MR. MANGUM. It contains one hundred and forty-nine thousand.

My honorable friend on my left says, a hundred and forty-nine thousand.
I put it down, then, one hundred and fifty thousand. Well, Sir, Texas is
not destined, probably, to be a country of dense population. We will
suppose it to have at the present time a population of near one hundred
and fifty thousand. New Mexico may have sixty or seventy thousand
inhabitants; say seventy thousand. In California, there are not supposed
to be above twenty-five thousand men; but undoubtedly, if this territory
should become ours, persons from Oregon, and from our Western States,
will find their way to San Francisco, where there is some good land, and
we may suppose they will shortly amount to sixty or seventy thousand. We
will put them down at seventy thousand. Then the whole territory in this
estimate, which is as high as any man puts it, will contain two hundred
and ninety thousand persons, and they will send us, whenever we ask for
them, fourteen Senators; a population less than that of the State of
Vermont, and not the eighth part of that of New York. Fourteen Senators,
and not as many people as Vermont, and no more people than New
Hampshire! and not so many people as the good State of New Jersey!

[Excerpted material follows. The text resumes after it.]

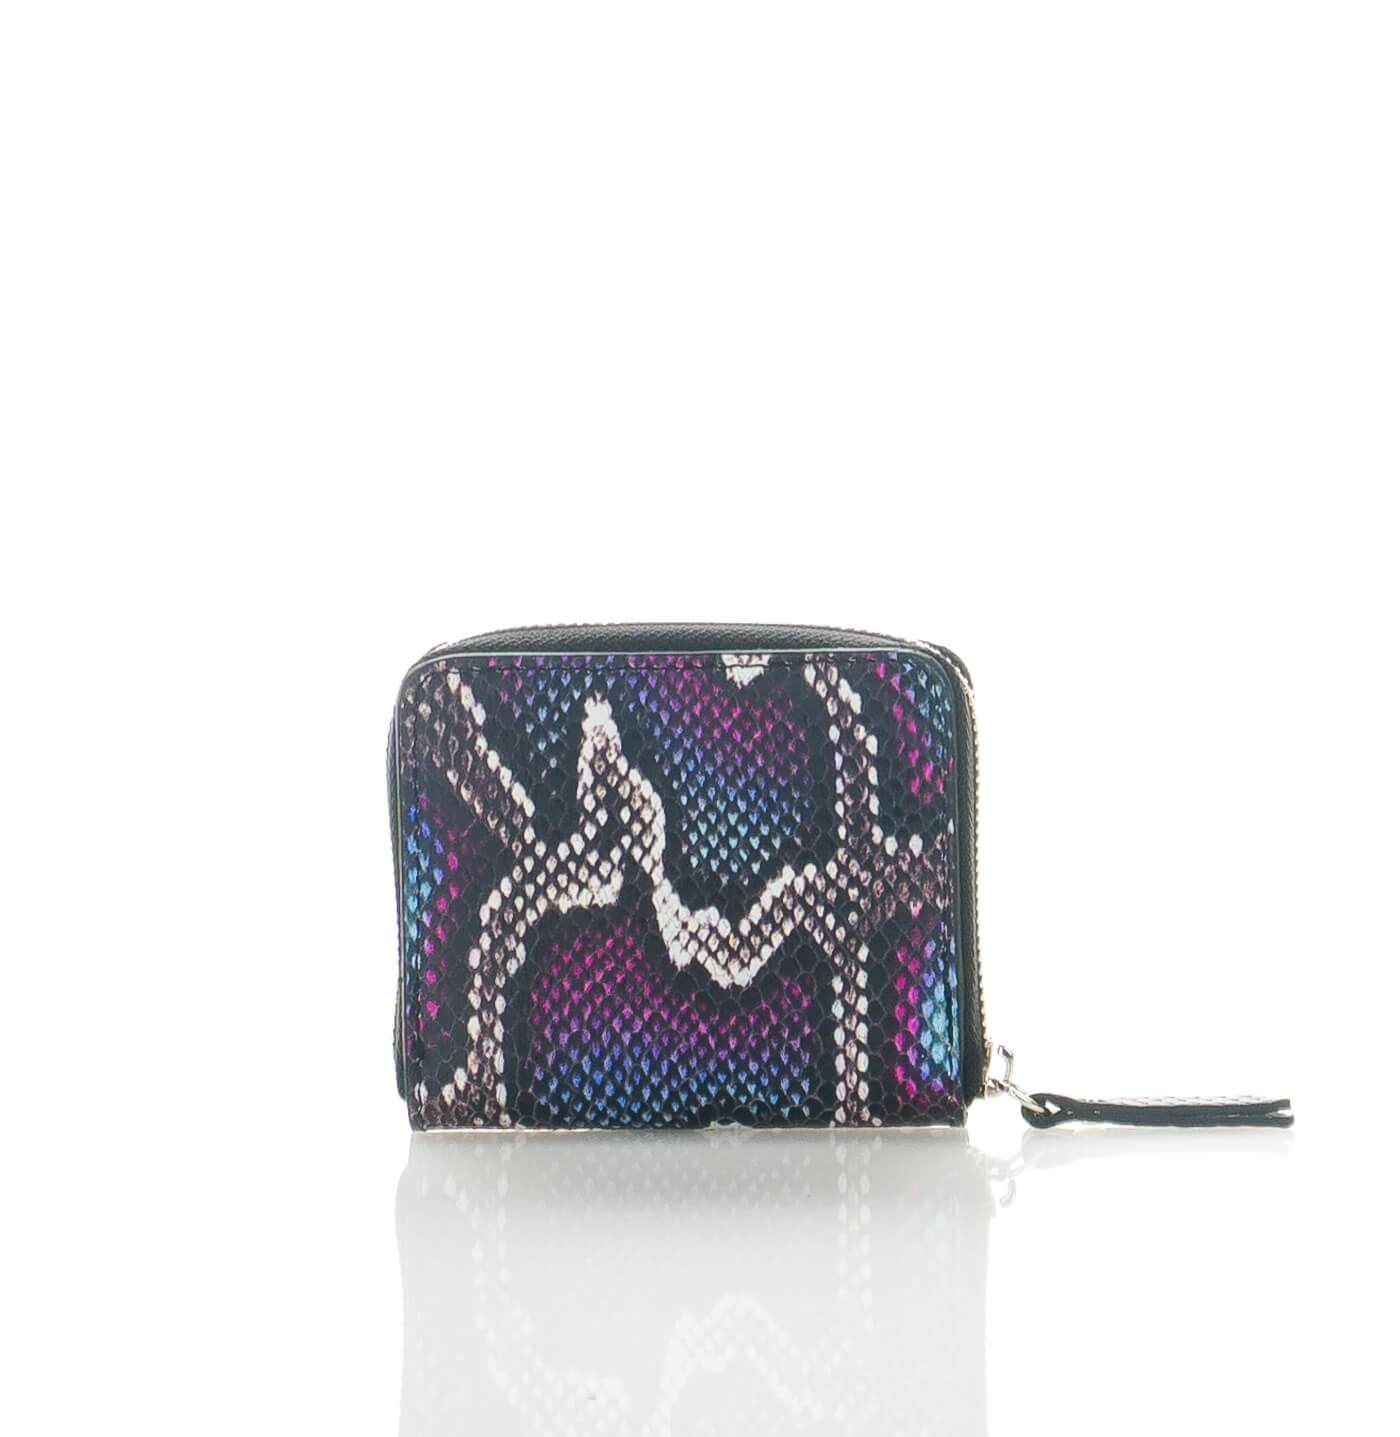 Lavanda-1 Small Wallet Python Print with Zip Opening - BLUE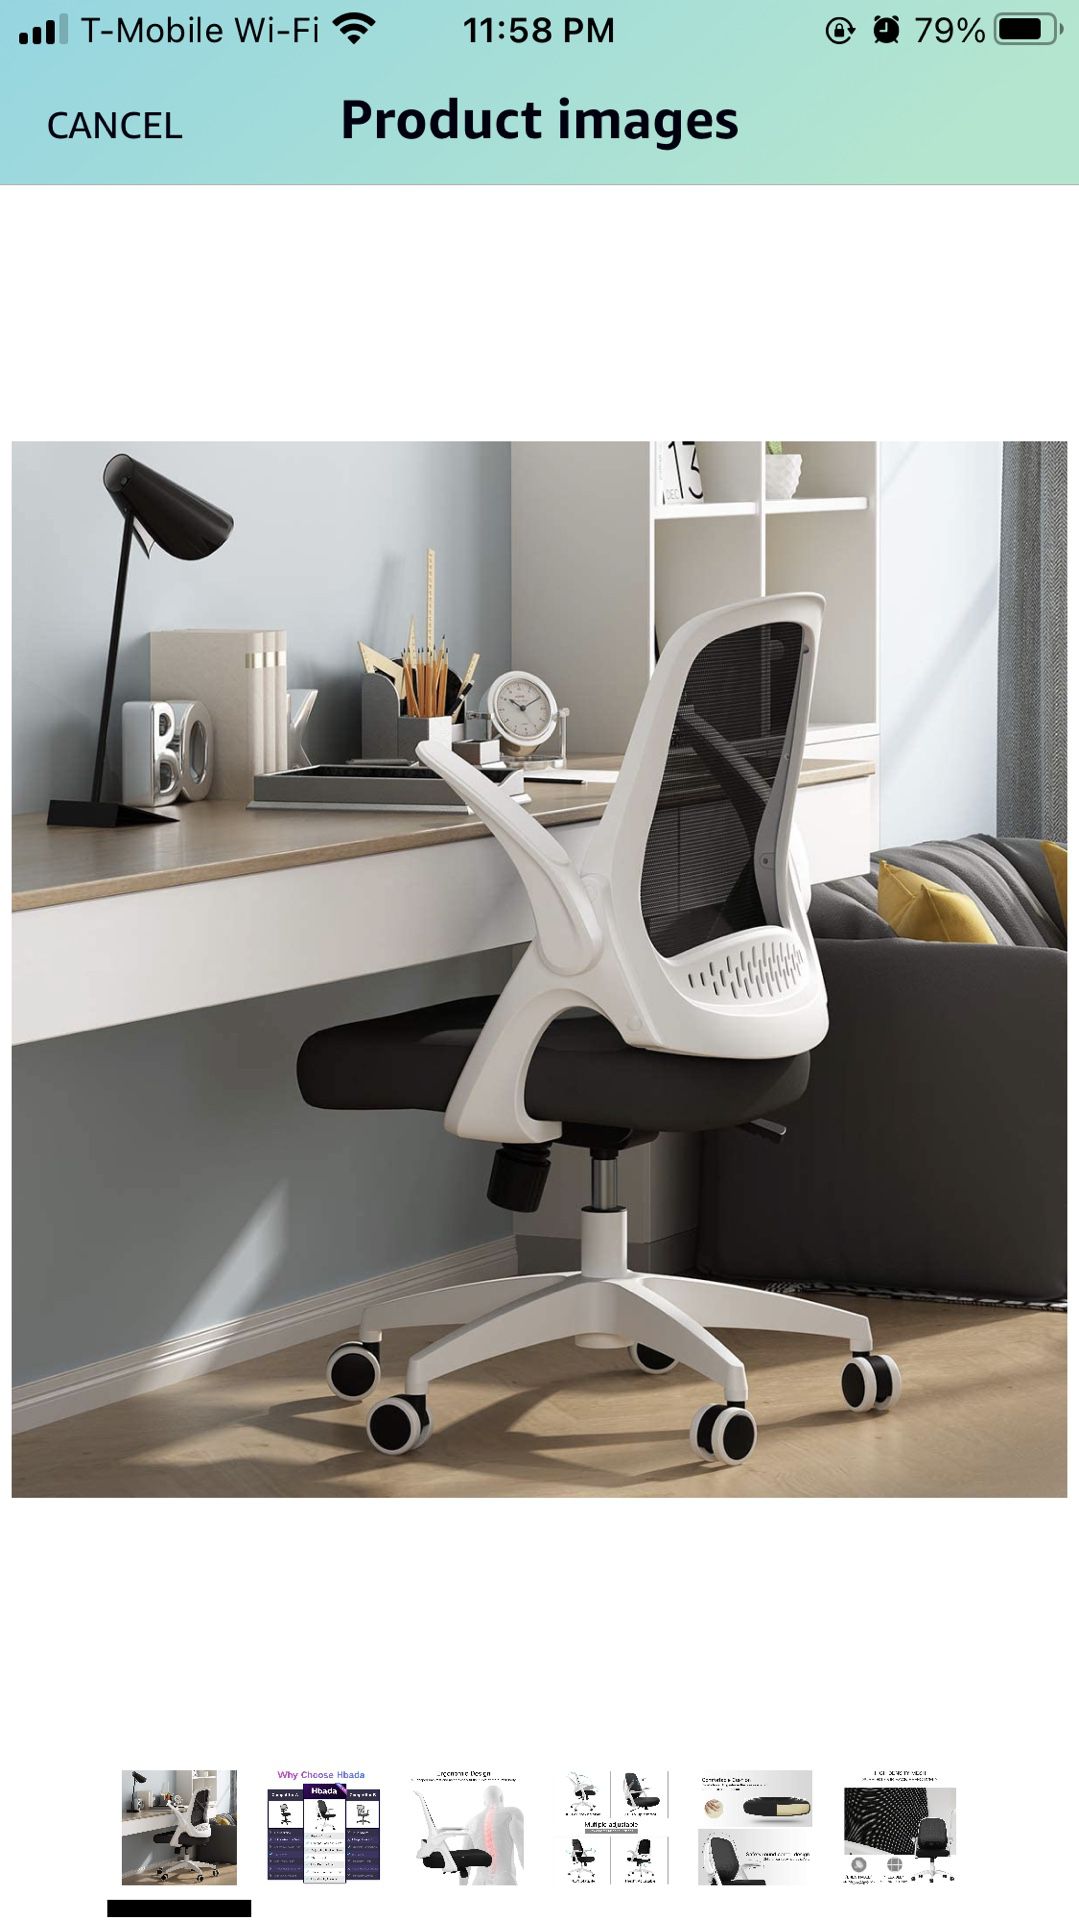 New— Hbada Office Task Desk Chair Swivel Home Comfort Chairs with Flip-up Arms and Adjustable Height, White

But then, Sir, Texas claims to the line of the Rio Grande, and if it be
her true line, why then of course she absorbs a considerable part, nay,
the greater part, of the population of what is now called New Mexico. I
do not argue the question of the true southern or western line of Texas;
I only say, that it is apparent to everybody who will look at the map,
and learn any thing of the matter, that New Mexico cannot be divided by
this river, the Rio Grande, which is a shallow, fordable, insignificant
stream, creeping along through a narrow valley, at the base of enormous
mountains. New Mexico must remain together; it must be a State, with its
seventy thousand people, and so it will be; and so will California.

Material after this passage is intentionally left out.